--- Input data ---
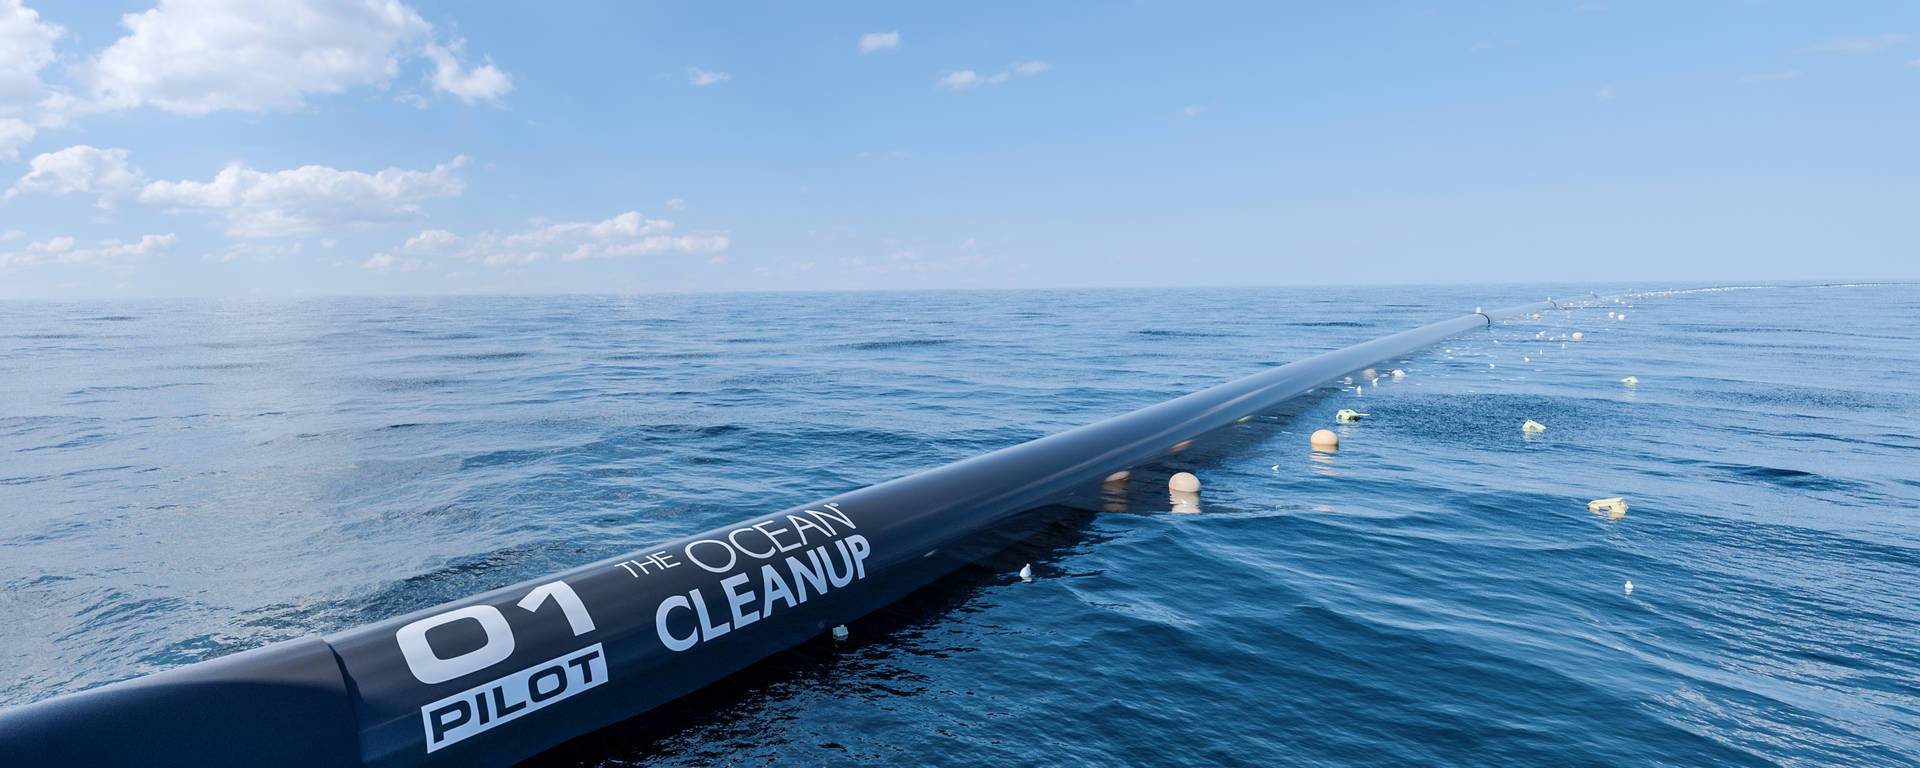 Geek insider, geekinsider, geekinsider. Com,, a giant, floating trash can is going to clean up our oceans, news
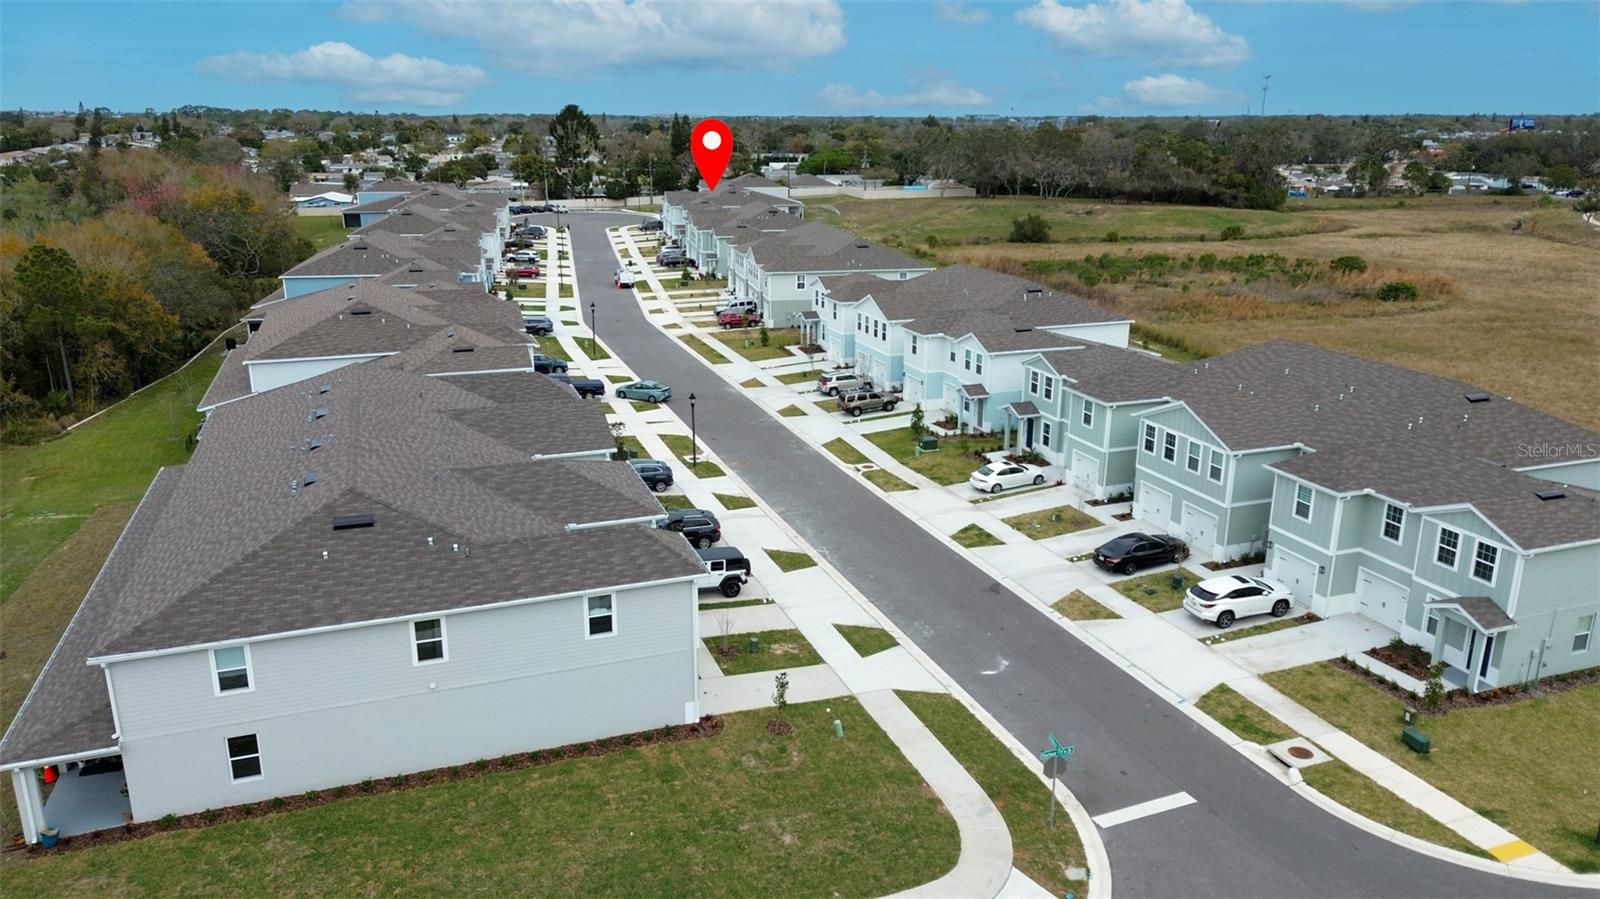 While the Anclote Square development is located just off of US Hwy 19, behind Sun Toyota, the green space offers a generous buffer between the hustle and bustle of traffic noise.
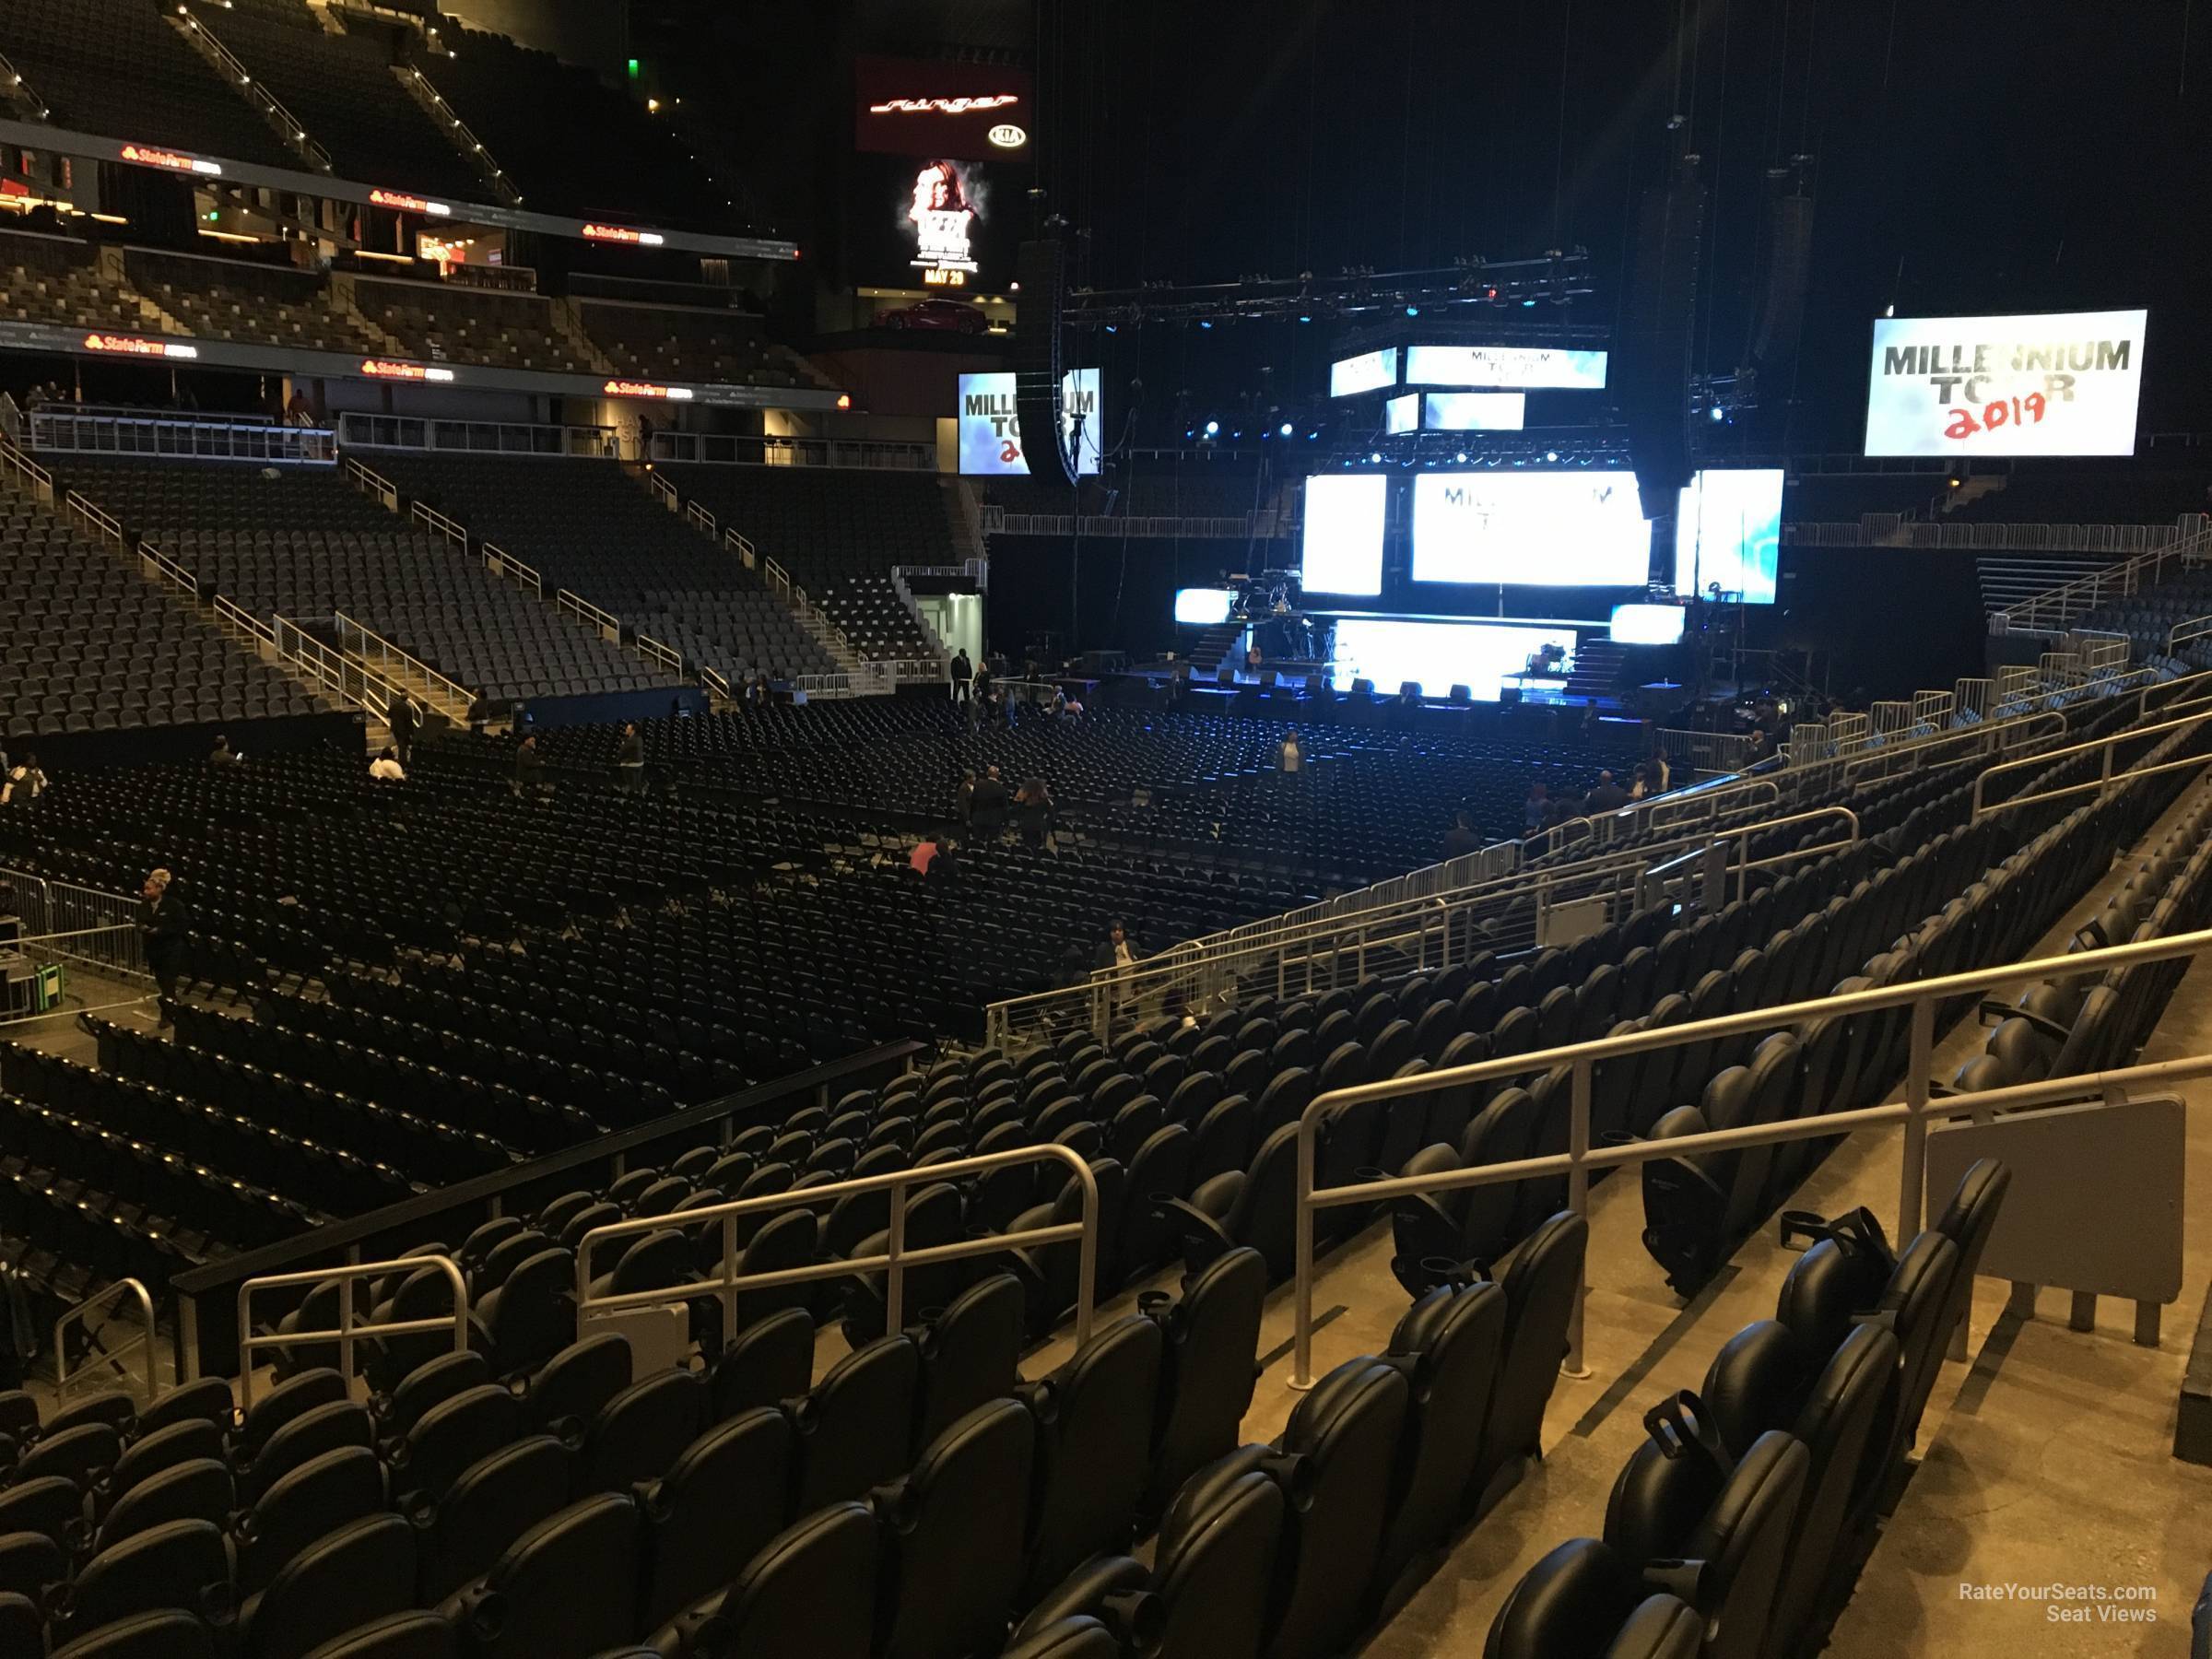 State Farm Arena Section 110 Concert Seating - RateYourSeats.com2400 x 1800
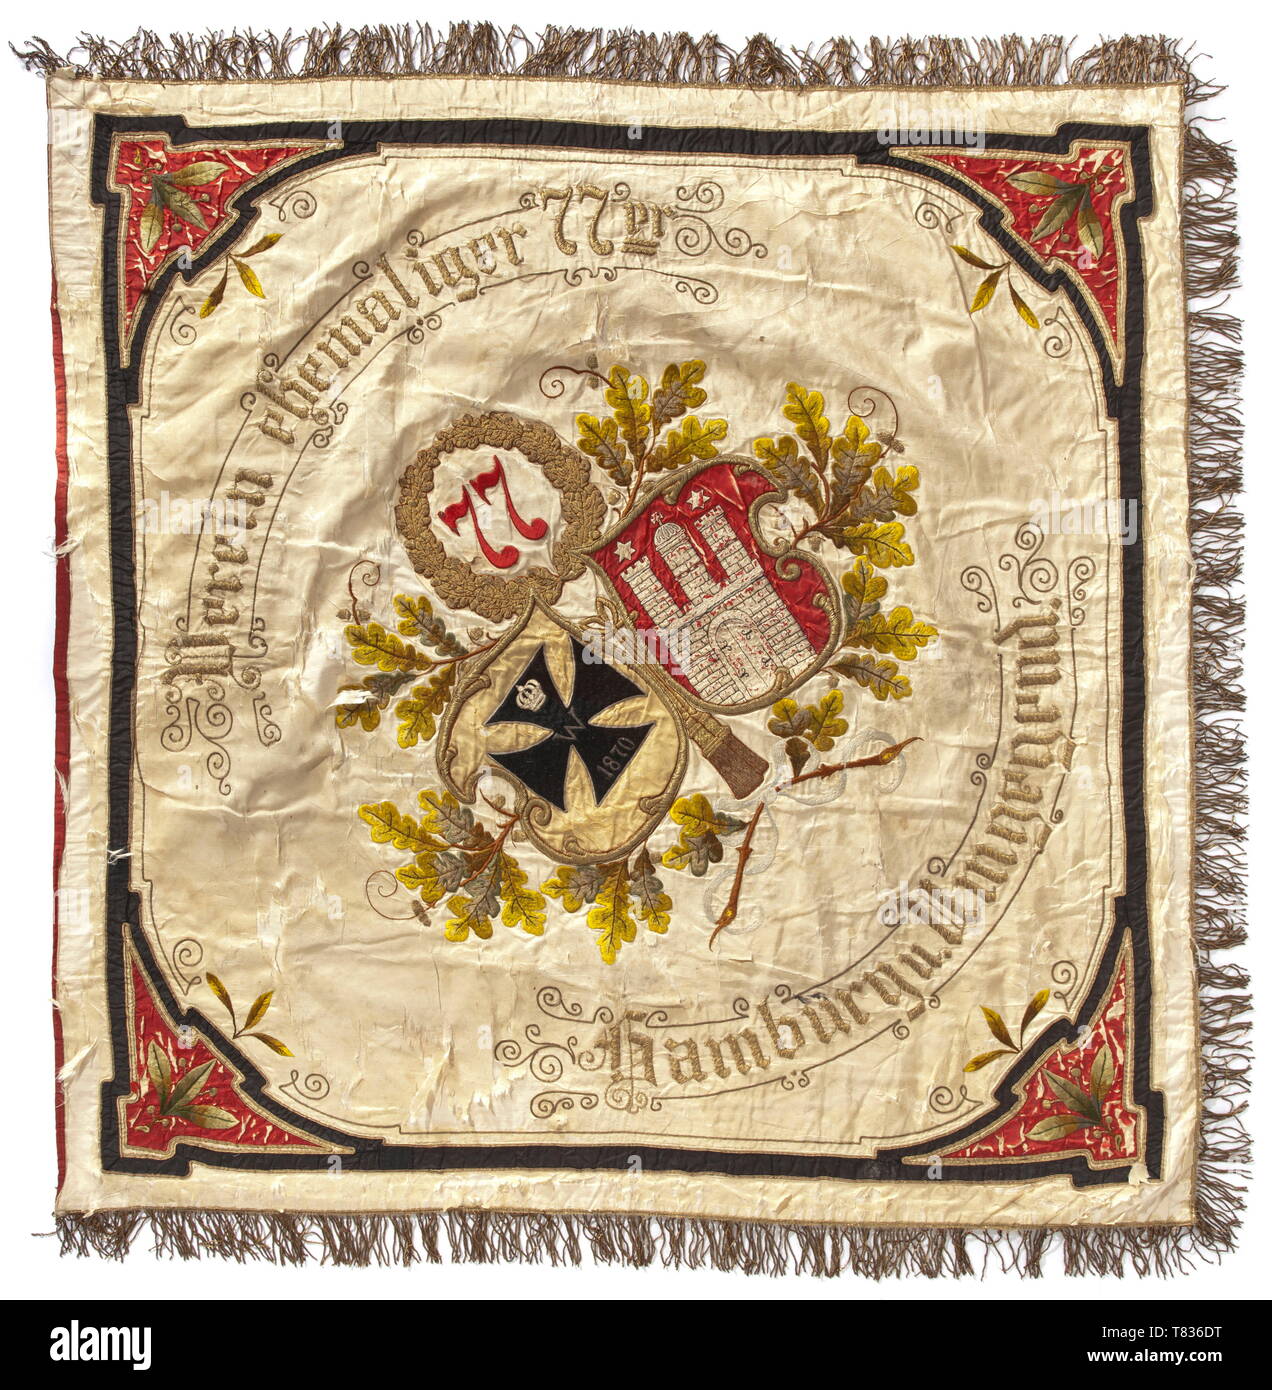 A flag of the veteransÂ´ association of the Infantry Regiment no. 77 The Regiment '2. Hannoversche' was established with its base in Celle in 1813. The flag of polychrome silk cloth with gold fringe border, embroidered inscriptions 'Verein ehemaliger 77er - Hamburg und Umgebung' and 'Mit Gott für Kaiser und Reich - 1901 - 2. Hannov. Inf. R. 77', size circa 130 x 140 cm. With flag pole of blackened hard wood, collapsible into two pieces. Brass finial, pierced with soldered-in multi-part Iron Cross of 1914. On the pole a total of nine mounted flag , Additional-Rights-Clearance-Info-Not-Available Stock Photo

--- What the exercise asks ---
The answer should contain nothing but the lines from the top of the data above through the line containing "State Farm Arena", copied exactly, with no images.

--- Written reply ---
 Geek insider, geekinsider, geekinsider. Com,, a giant, floating trash can is going to clean up our oceans, news
 While the Anclote Square development is located just off of US Hwy 19, behind Sun Toyota, the green space offers a generous buffer between the hustle and bustle of traffic noise.
 State Farm Arena Section 110 Concert Seating - RateYourSeats.com2400 x 1800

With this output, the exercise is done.